_To do_
The listing below should be printed again word for word, without any images.

***** Dataset excerpt *****

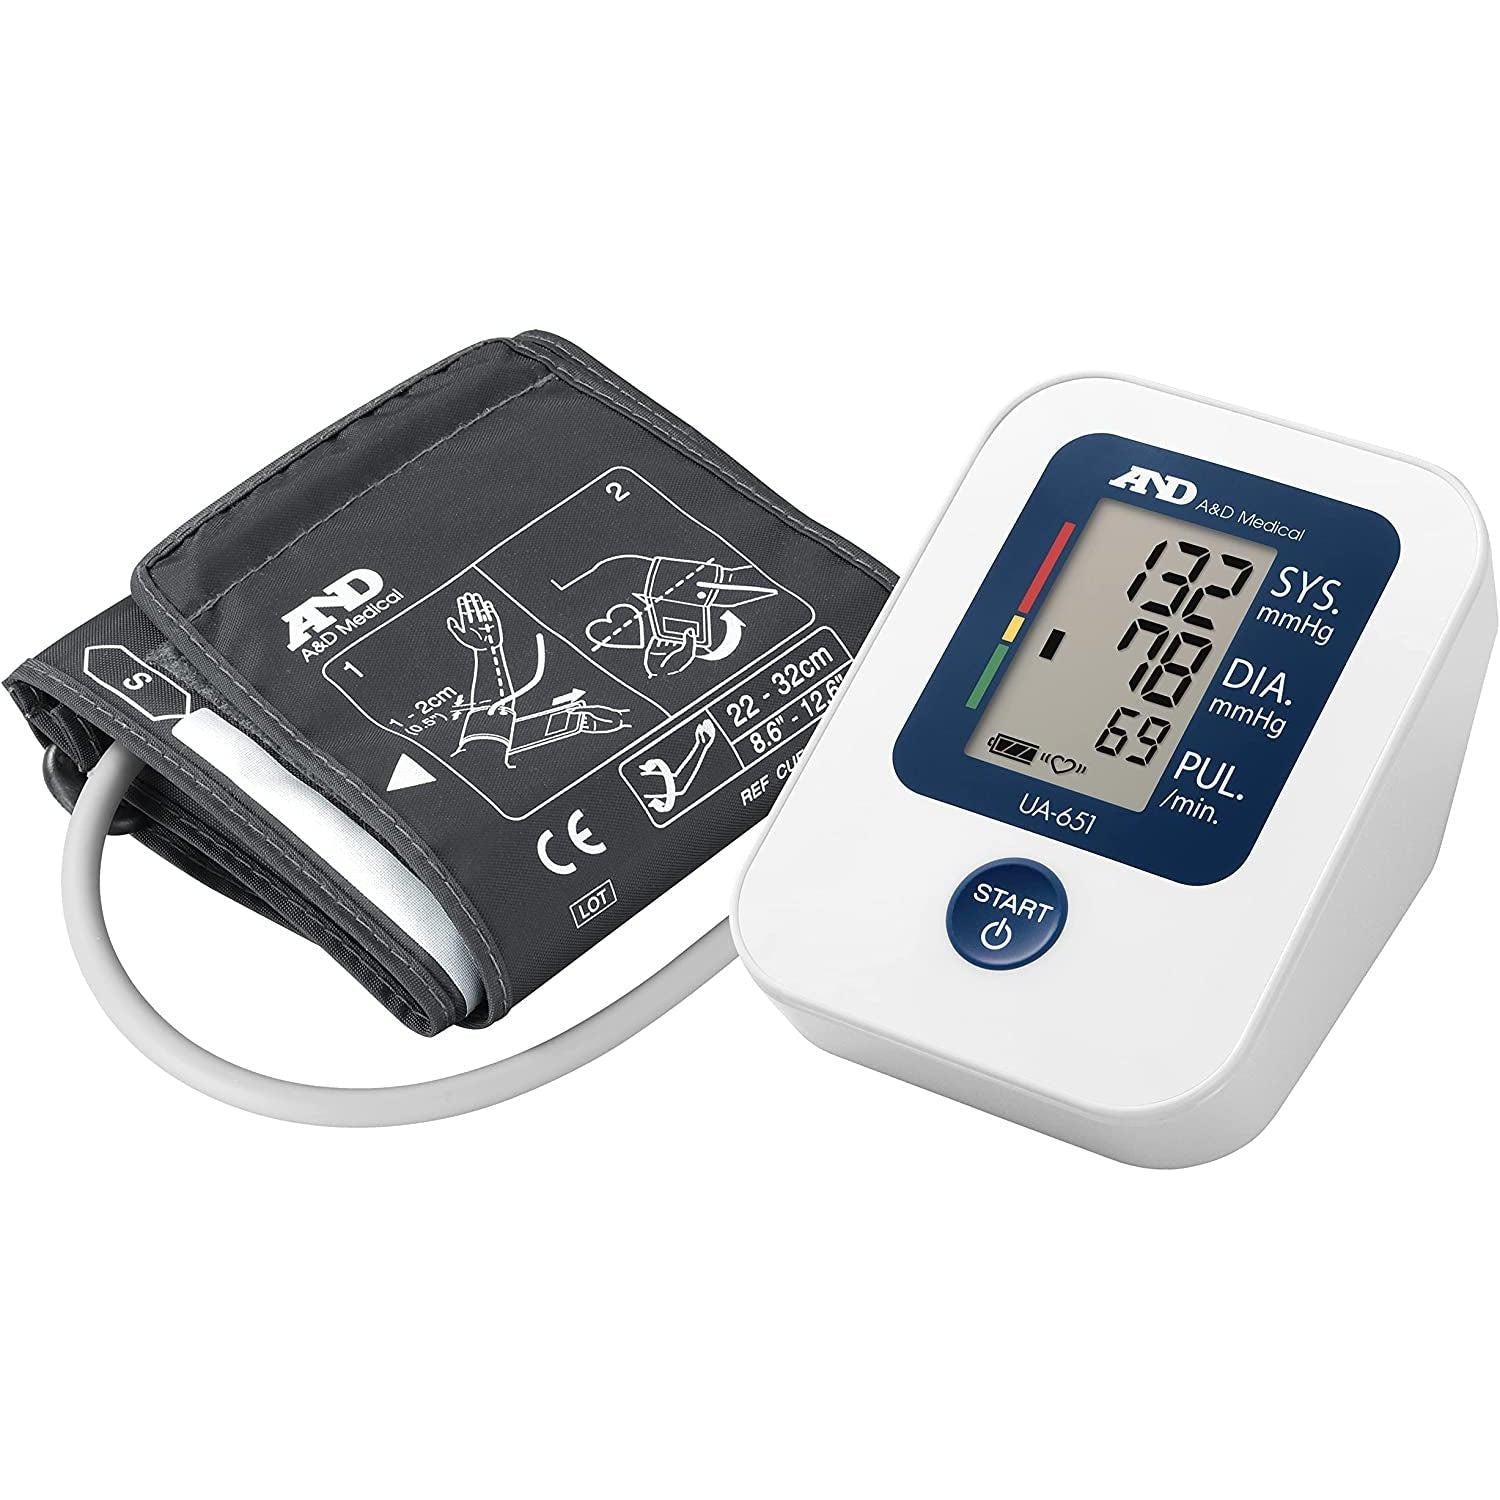 A&D Medical UA-651 Upper Arm Blood Pressure Monitor - Healthxpress.ie
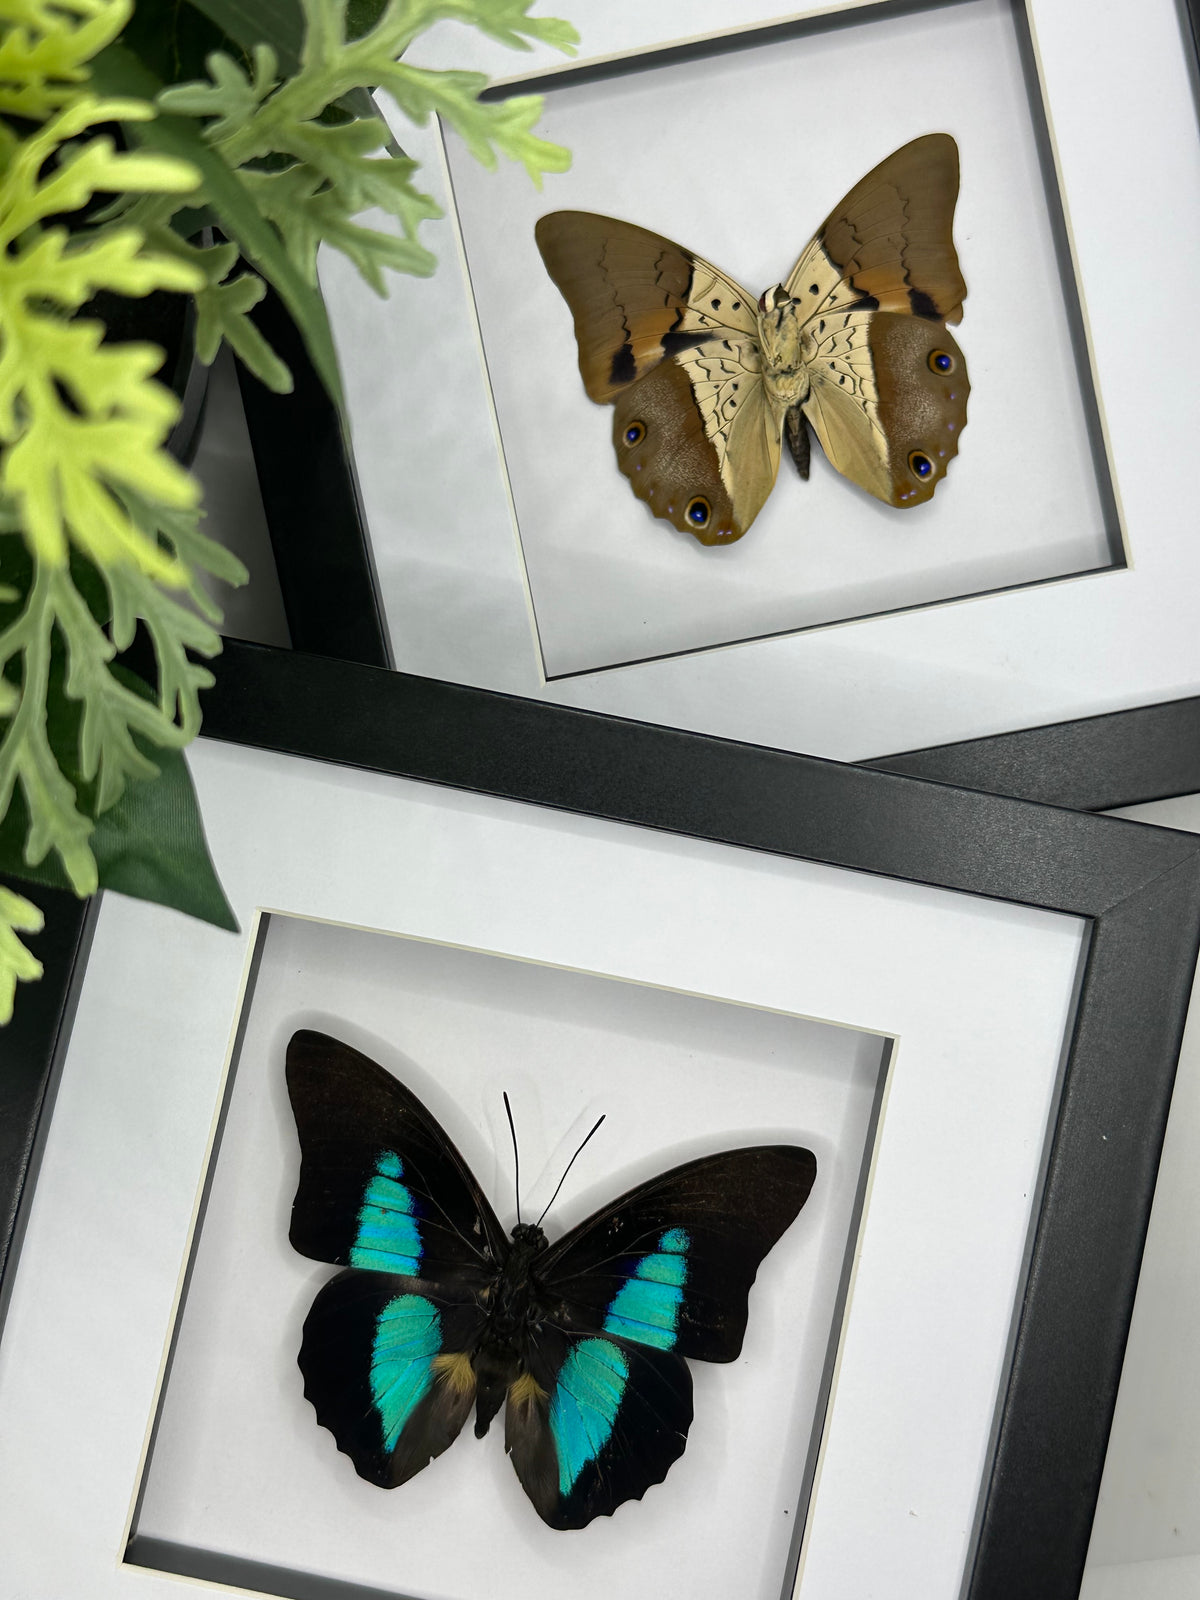 Prepona Dexamenes Butterfly in a frame
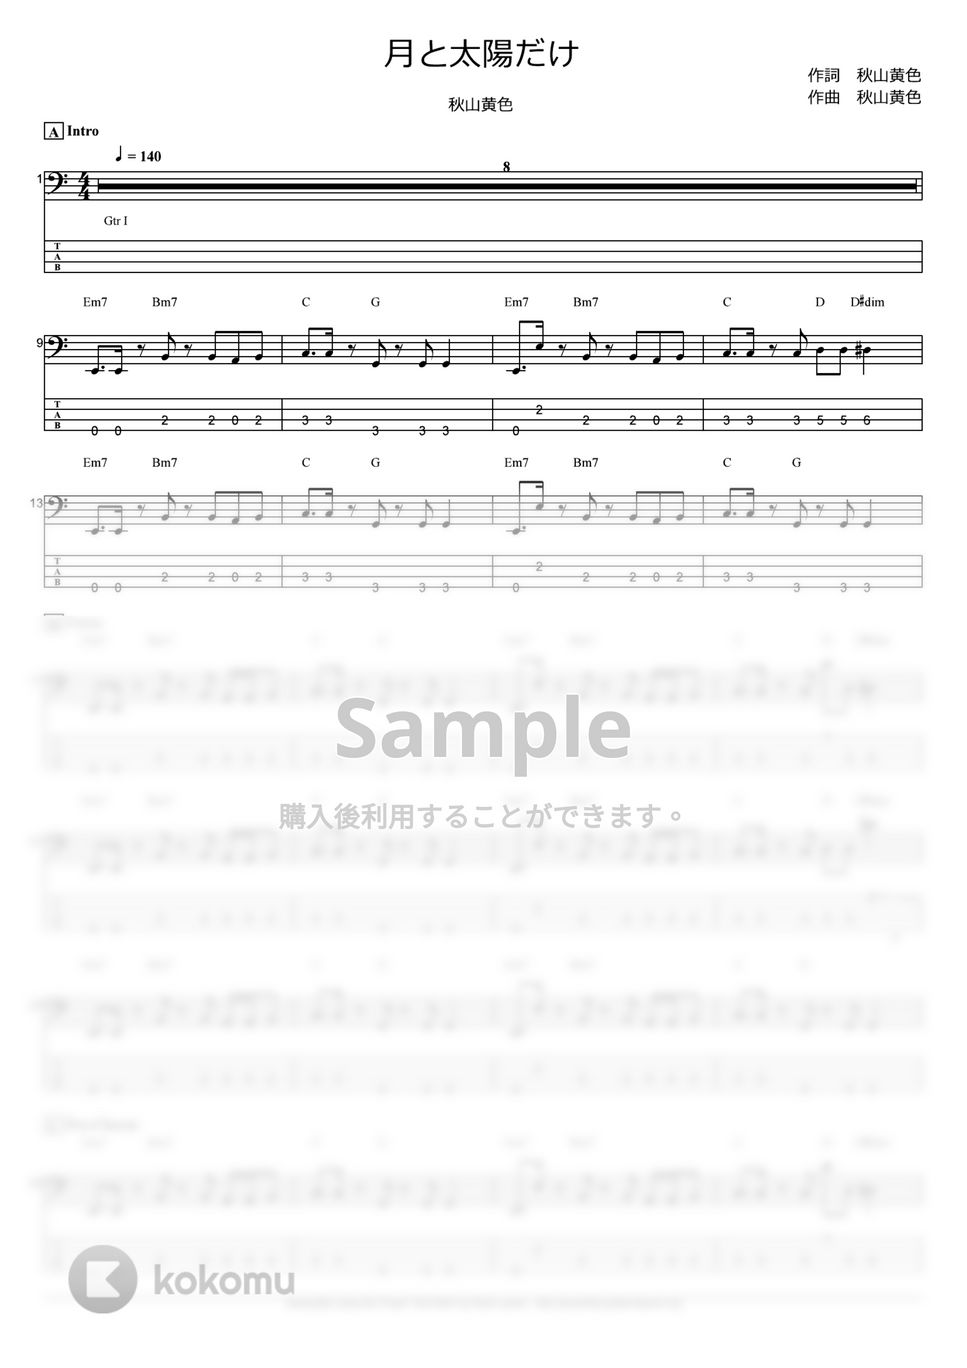 秋山黄色 - 月と太陽だけ (ベース Tab譜 4弦) by T's bass score
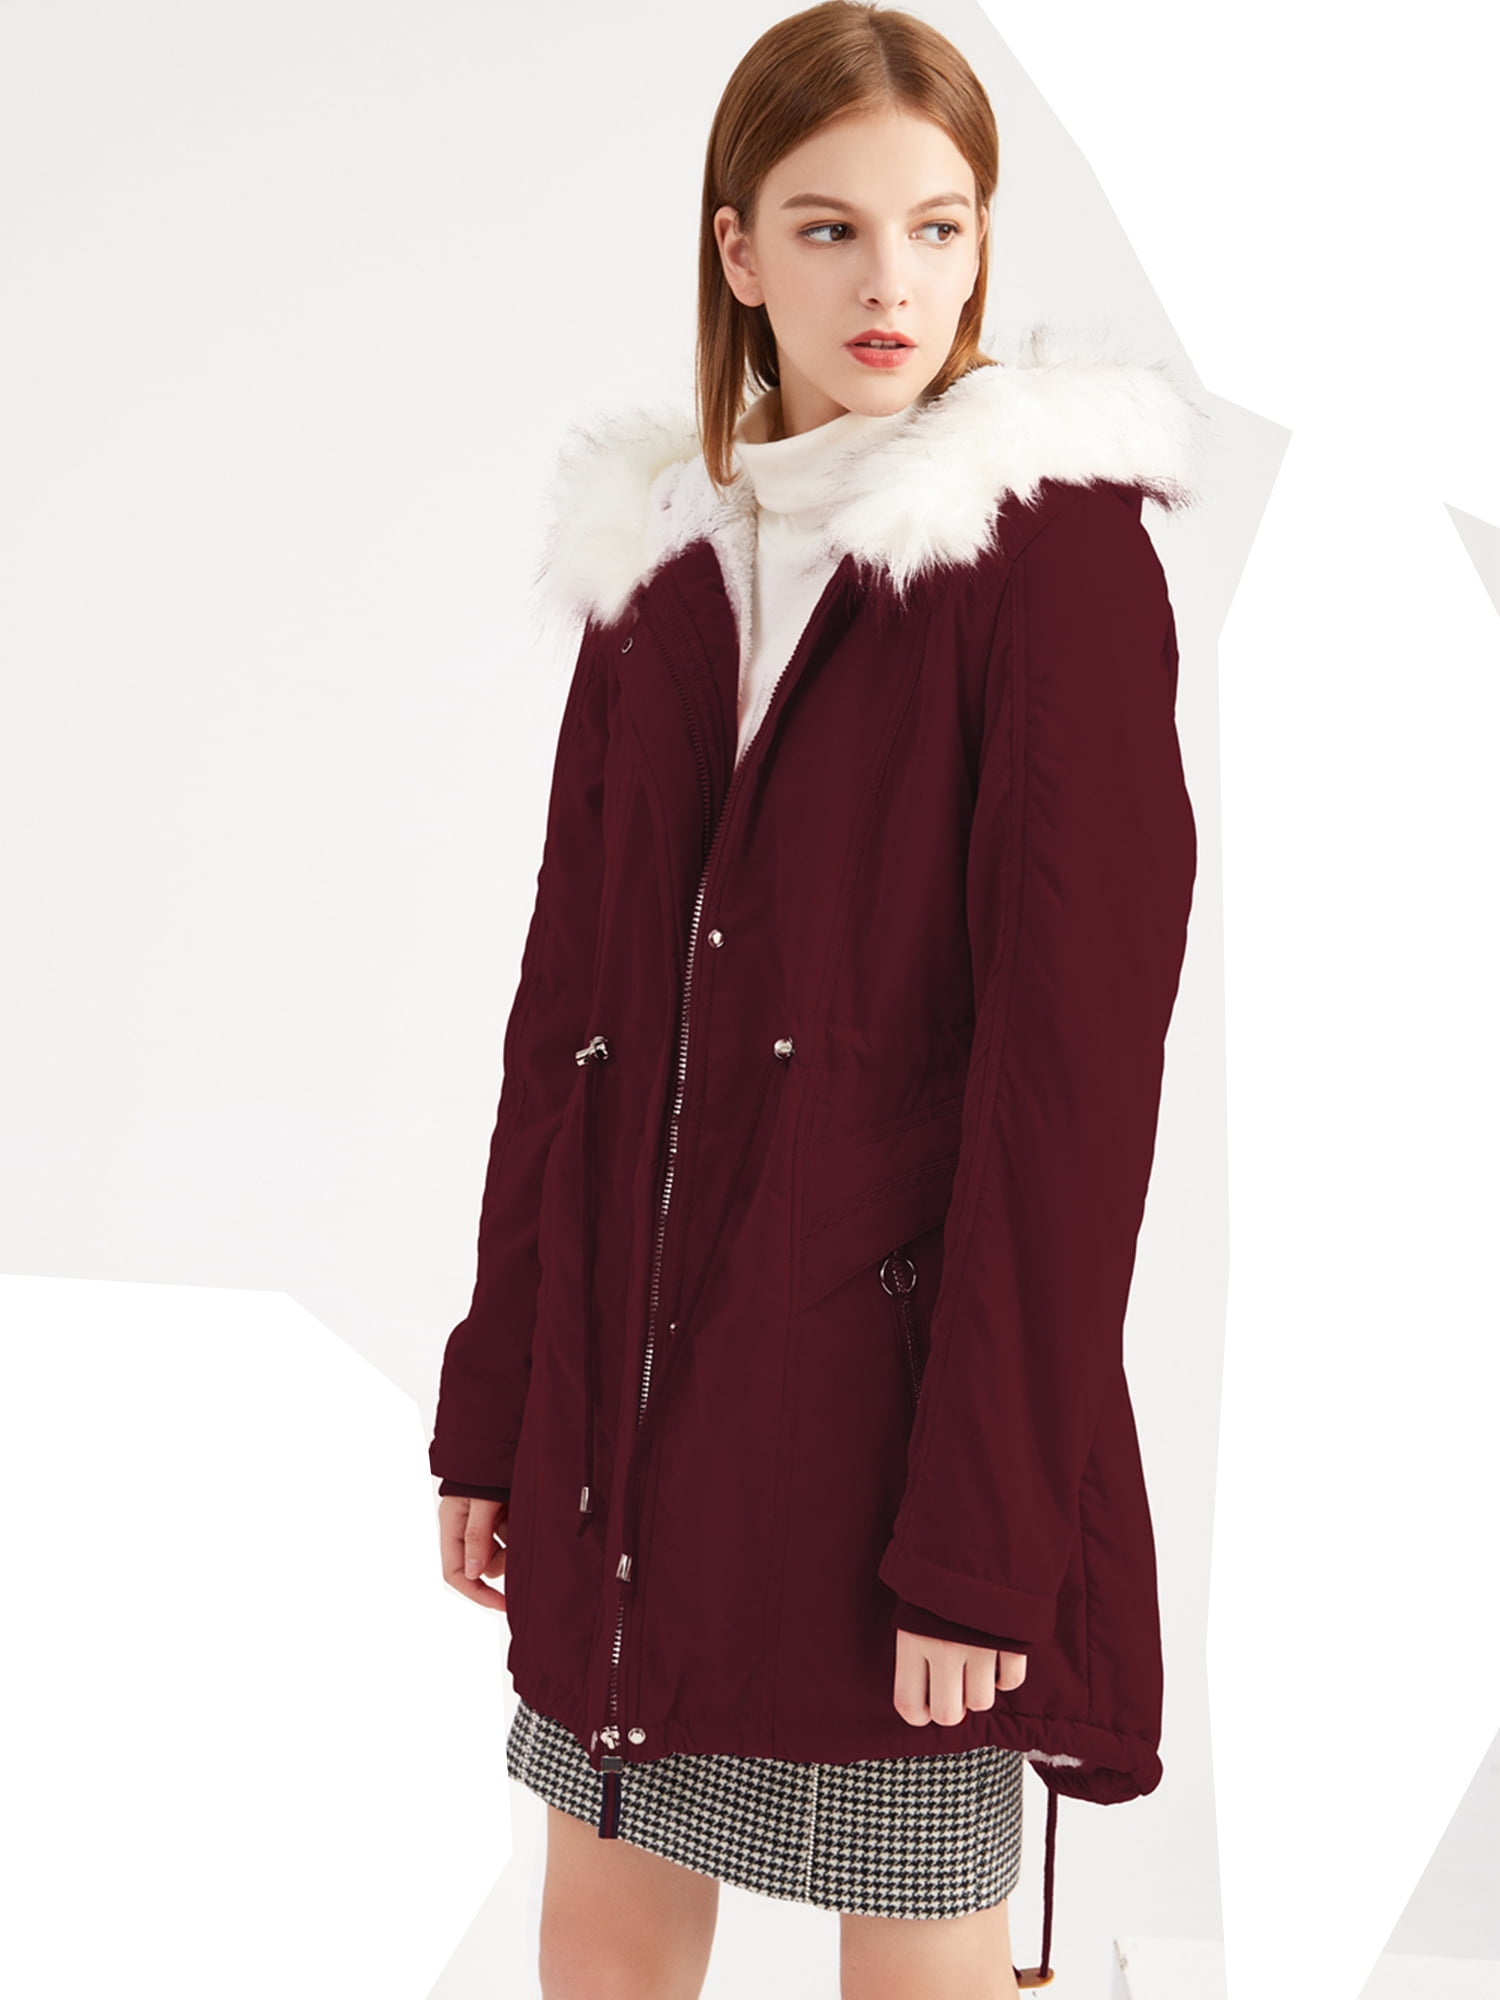 Fashion Women Winter Warm Collar Hooded Long Coat Jacket Trench Parka Outwear

*****

_Exercise result_
 A&D Medical UA-651 Upper Arm Blood Pressure Monitor - Healthxpress.ie
 Prepona Dexamenes Butterfly in a frame
 秋山黄色 - 月と太陽だけ (ベース Tab譜 4弦) by T's bass score
 Fashion Women Winter Warm Collar Hooded Long Coat Jacket Trench Parka Outwear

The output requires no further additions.